Cassis erhielt deutlich mehr Stimmen als vor vier Jahren, als ihn die Grünen mit der Bernerin Regula Rytz aus dem Amt drängen wollten. Damals machte Cassis 145 von 238 gültigen Stimmen. Rytz erhielt 82 Stimmen.

Die Wahl der zweiten Freisinnigen im Bundesrat, Karin Keller-Sutter, war ebenfalls ungefährdet. Die St. Gallerin erhielt 176 von 224 gültigen Stimmen und kann damit für vier weitere Jahre mitregieren. Die Grünen hatten unmittelbar vor der Wahl durchblicken lassen, dass sie Keller-Sutters Sitz nicht angreifen würden.

In der jüngeren Geschichte schafften alle bisherigen Bundesräte, die nicht abgewählt wurden, eine Wiederwahl jeweils im ersten Wahlgang.

Grüne äusserten sich enttäuscht

Die Grünen äusserten sich nach dem missglückten Angriff enttäuscht. Das Machtkartell der Regierungsparteien werde mit diesem Resultat bekräftigt, sagte Margot Chauderna, Co-Präsidentin der Jungen Grünen Schweiz, nach der Verkündung der Resultate zur Nachrichtenagentur Keystone-SDA in Bern. Das Parlament habe Angst vor Veränderungen.

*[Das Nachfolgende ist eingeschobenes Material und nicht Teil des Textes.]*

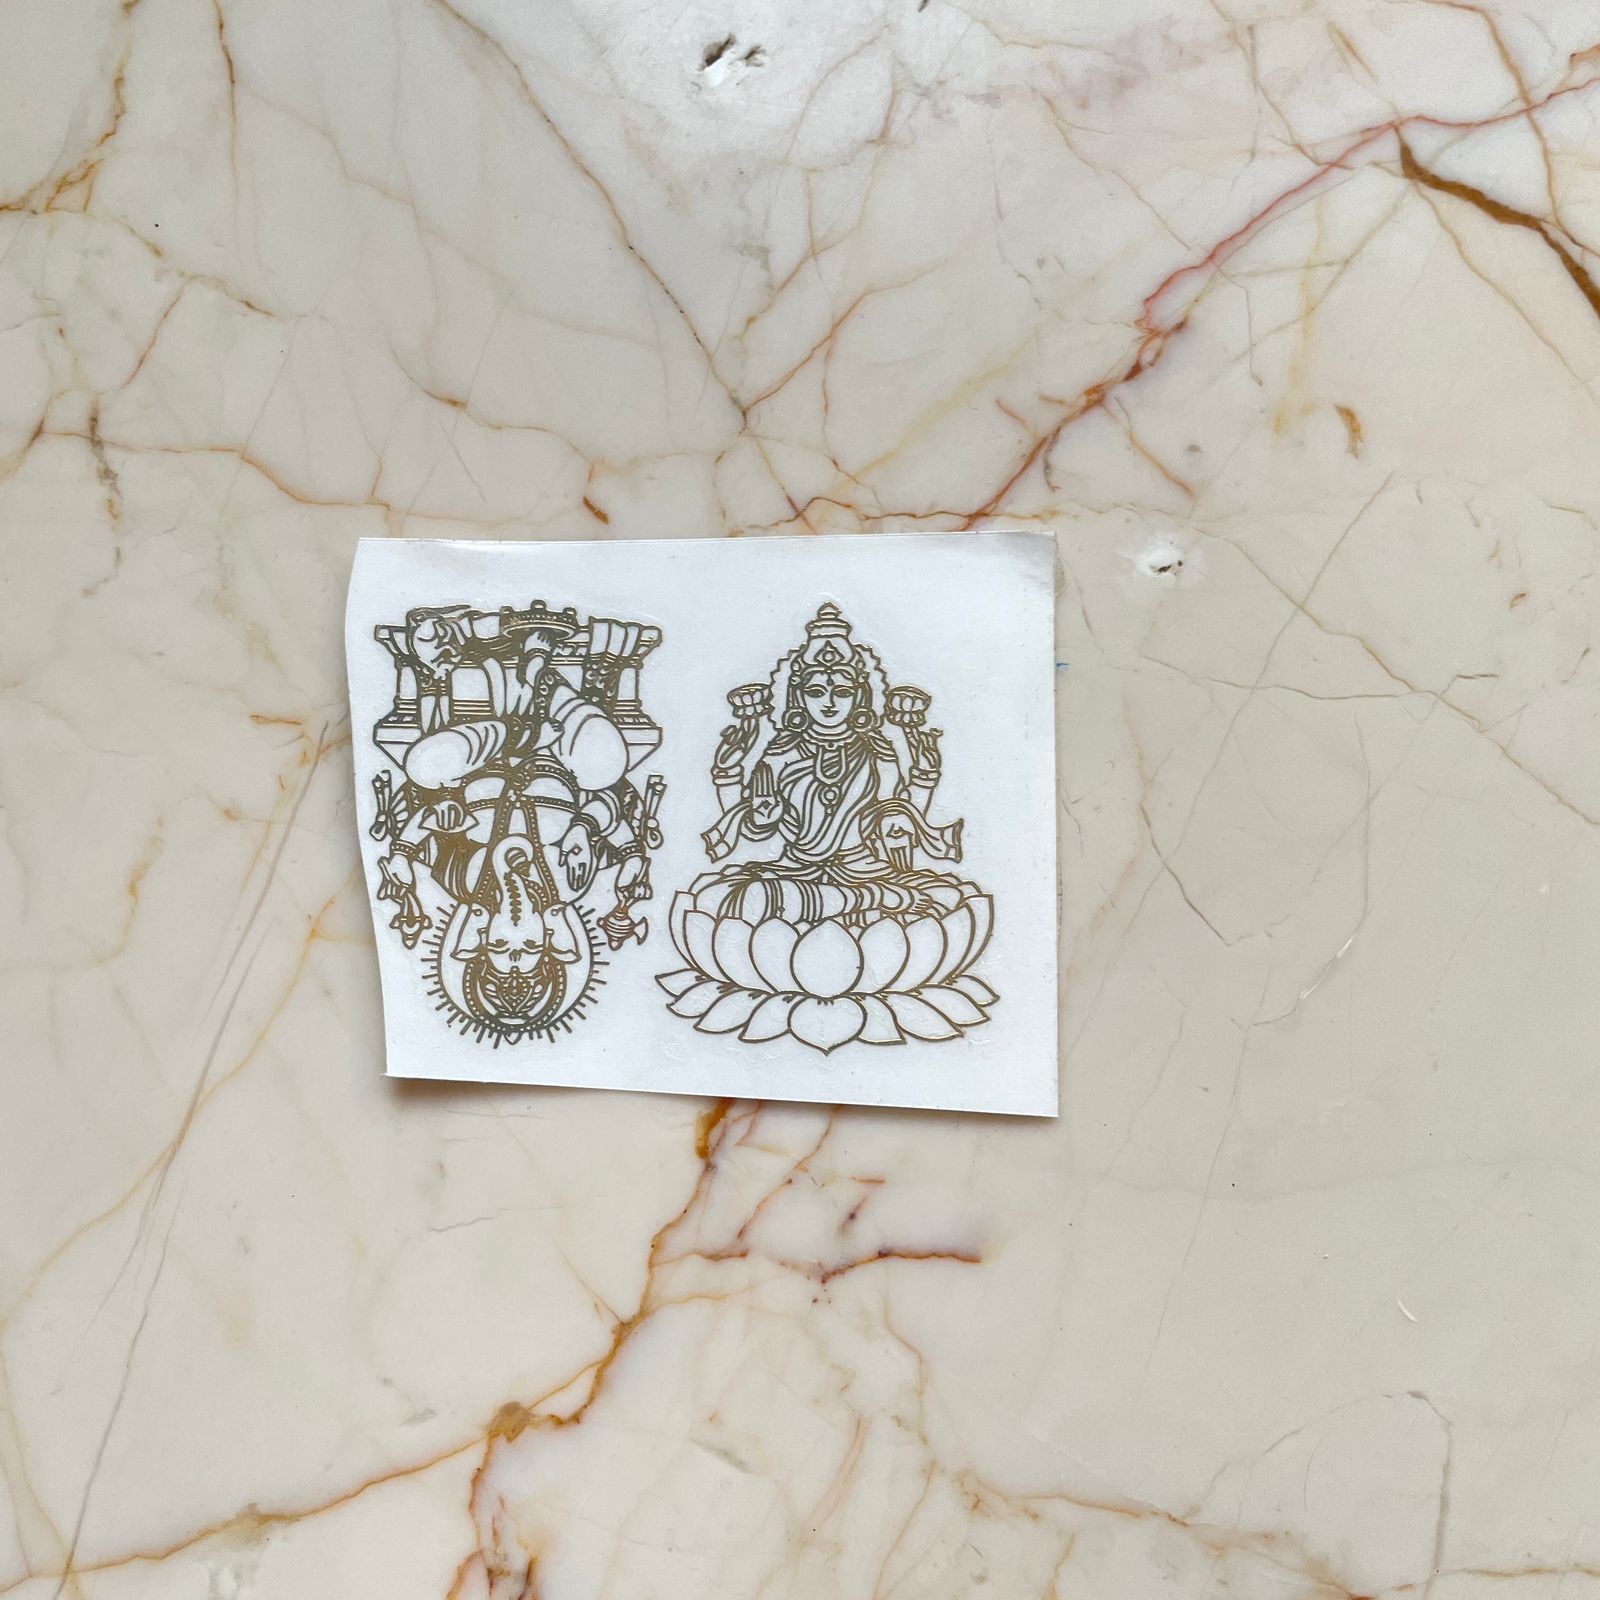 Laxmi ji & Ganesh ji  metallic sticker
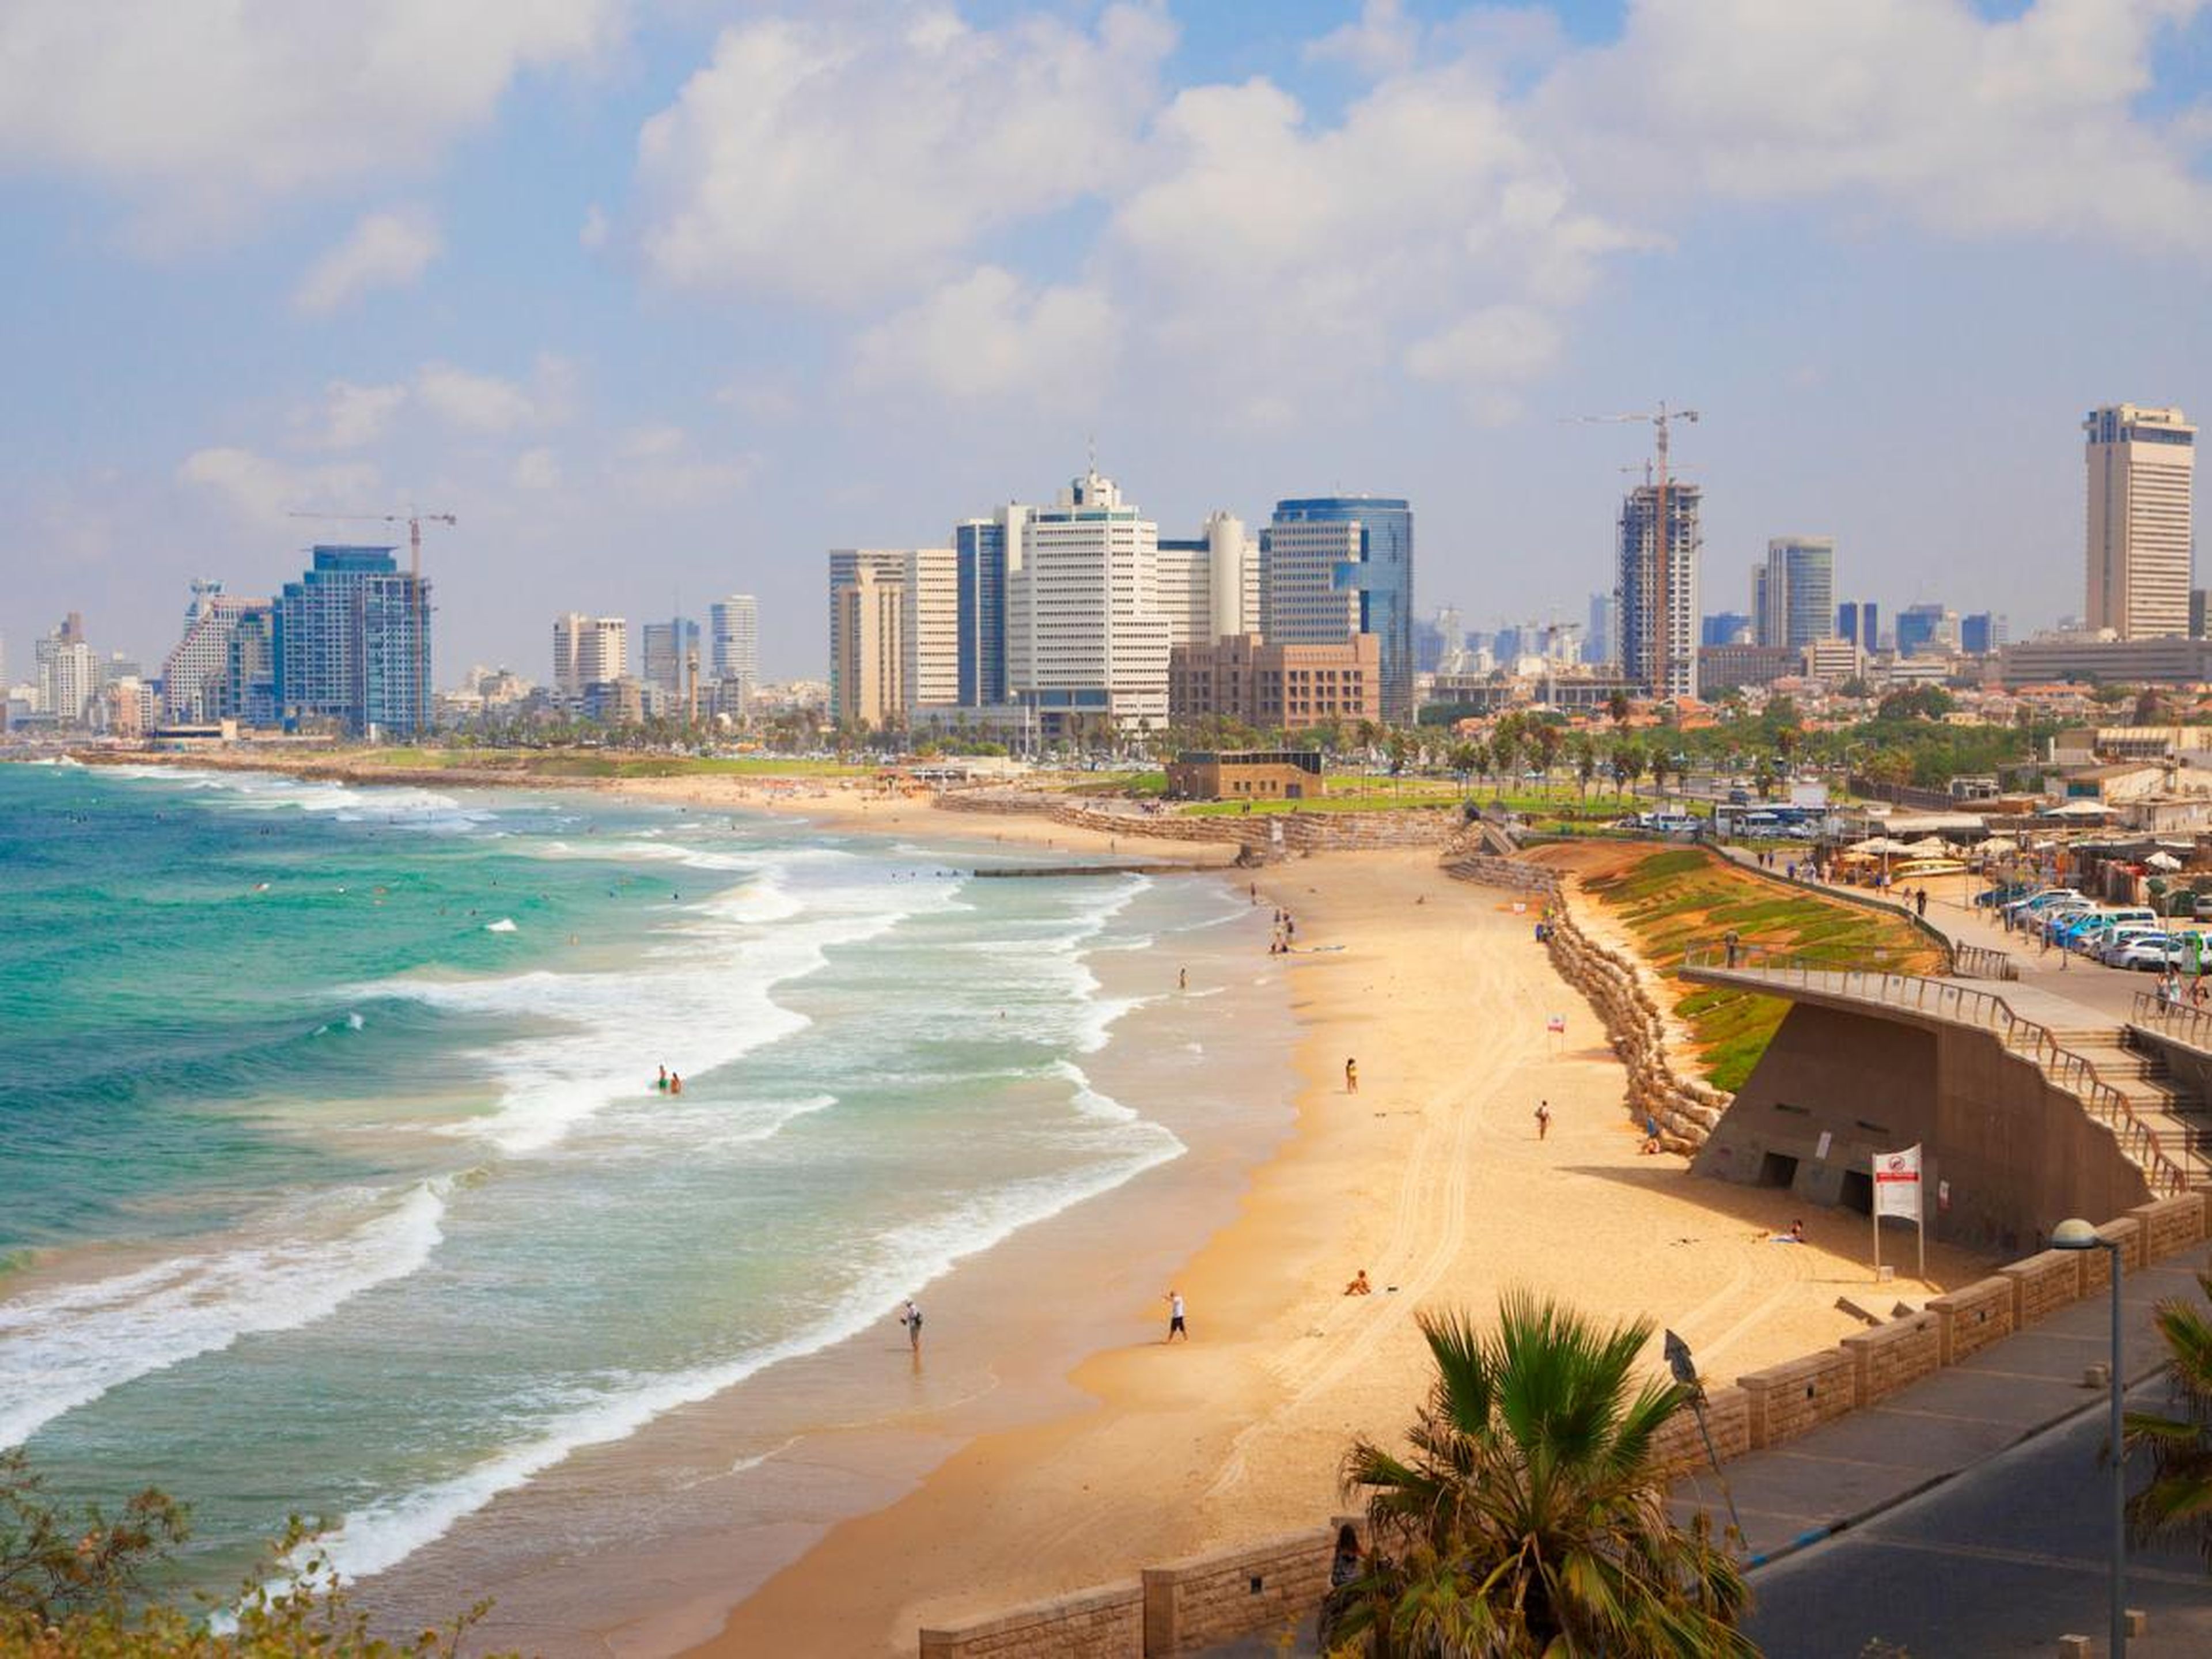 Ha habido una nueva demanda de propiedades de lujo en Israel, particularmente en Tel Aviv.

Wer im Einzelnen den 47-jährigen Andrey beim Angriff auf den FDP-Sitz unterstützte, war unklar. Bundesratswahlen sind geheim.

Im Vorfeld hatte aber die SP-Fraktion erklärt, nur eine Minderheit werde Andrey unterstützen, um die bürgerliche Mehrheit in der Regierung zu sprengen. Eine Mehrheit bei den Sozialdemokraten hielt die Kandidatur der Grünen für chancenlos. Sie befürchtete, eine Unterstützung für Andrey könnte dazu missbraucht werden, bei der Ersatzwahl am Schluss der SP zu schaden und damit der Linken.

Auch die GLP-Fraktion teilte im Vorfeld mit, dass ein Teil der Fraktion Andrey statt Cassis wählen werde.

Die SVP und die Mitte dagegen wollten an der parteipolitischen Zusammensetzung des Bundesrats nichts ändern. Die Parteien hatten vor den Wahlen erklärt, keine bisherigen Bundesräte abwählen zu wollen.

Sechster Versuch

Die Fraktion der Grünen hatte im Herbst Andrey nominiert, um bei den Gesamterneuerungswahlen für die Regierung einen der beiden FDP-Sitze im Bundesrat anzugreifen. In den Augen der Grünen ist die Zauberformel - je zwei Sitze für SVP, SP und FDP sowie einer für die Mitte - nicht mehr zeitgemäss. Die FDP sei in der siebenköpfigen Landesregierung übervertreten, befanden sie.

Bislang haben die Grünen insgesamt sechsmal versucht, einen Sitz in der Landesregierung zu ergattern, immer vergeblich. Ihre erste offizielle Kandidatur für einen Bundesratssitz lancierten die Grünen im Jahr 2000. Damals ging es um die Nachfolge von SVP-Bundesrat Adolf Ogi.